On pouvait le voir à l’honneur lors des dernières cérémonies commémoratives organisées à Vaux. Orest Bilak est un symbole fort de la résistance.
Lorsque les Allemands sont entrés en Ukraine en juin 1941, les Ukrainiens les ont généralement accueillis avec des fleurs, voyant en eux leurs libérateurs du joug soviétique. Orest Bilak, lui, est alors âgé de seulement 16 ans. Il ment sur son âge et s’engage dans le bataillon ukrainien dit de Boucovine (région des Carpates). Ces Ukrainiens partagent le rêve de construire la nouvelle Ukraine. Ils s’organisent et se rendent à Kiev début octobre 1941. Les Allemands les traitent comme des “untermenschen” (sous hommes) et les envoient début 1942, combattre les partisans bolcheviks dans les marais Bélarus. Puis en août 1944, ils sont envoyés en France. Orest Bilak et ses compatriotes arrivent à Besançon par trains le 19 août 1944, et sont casernés au Valdahon. Mais ils refusent de se battre contre les Français. Ils estiment que comme eux ont pu le faire, ils luttent pour leur liberté.
Tout va basculer dans la nuit du 26 au 27 août 1942. Ils se rebellent et éliminent leur encadrement allemand. Ce sont ainsi presque 500 Ukrainiens, en uniforme allemand, qui passent du côté de la Force Française de l’Intérieur (FFI), avec mitraillettes, fusils, mitrailleuses, munitions, canons et plus de 70 chevaux !
Sous les ordres du colonel Lagarde et plus tard du colonel Victor Petit, ils participeront à la libération de Pontarlier, de villages du haut Doubs, profitant à chaque fois de l’effet de surprise du fait de leur uniforme identique à celui de la force d’occupation.
Sept d’entre eux reposent au cimetière de Vercel (Doubs), d’autres s’engageront ensuite dans la légion étrangère. Orest Bilak, lui, sera blessé en Allemagne un mois avant la fin de la guerre.

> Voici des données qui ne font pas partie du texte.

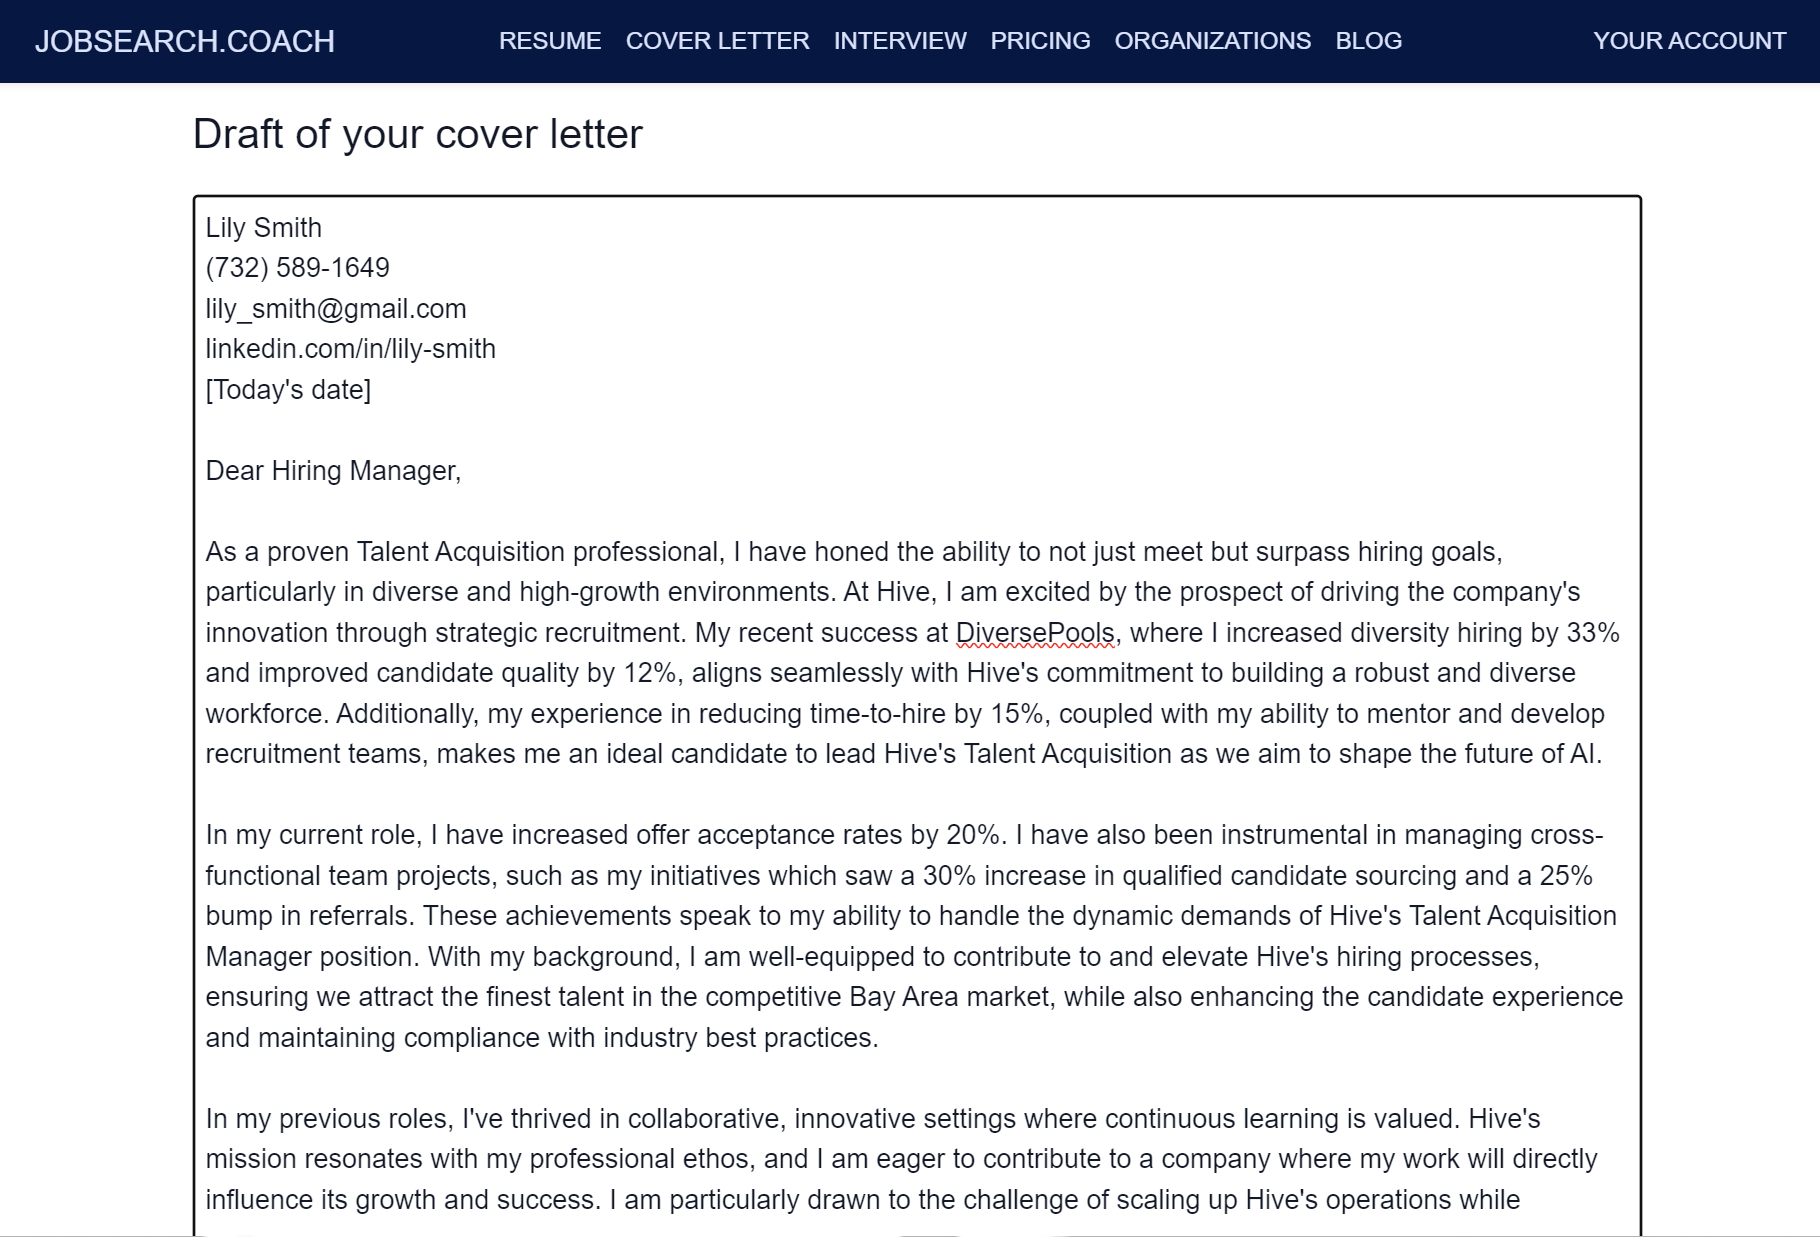 JobSearch.Coach Cover letter instantly drafted by AI

Il quitte la légion en 1946 et s’établit à Lyon où il retrouve par hasard une amie d’enfance (née en 1925 également). Ils étaient voisins avant la guerre. Elle sera son épouse.
Il devient tailleur coupeur et en 1954, s’installe avec sa femme à Vaux-en-Bugey. Il aura l’occasion de faire les costumes des pompiers vauxois dans les années 70. Cet endroit, la vallée, les montagnes leur rappellent un peu les Carpates d’où ils sont originaires.
Orest Bilak a été honoré de nombreuses fois pour ses actes : il est ainsi chevalier de la légion d’honneur, il a reçu la médaille de reconnaissance de la Nation, la croix de guerre avec palme, la croix du Combattant. Soucieux de perpétuer le devoir de mémoire, il a écrit ses souvenirs qui devraient bientôt paraître sur internet.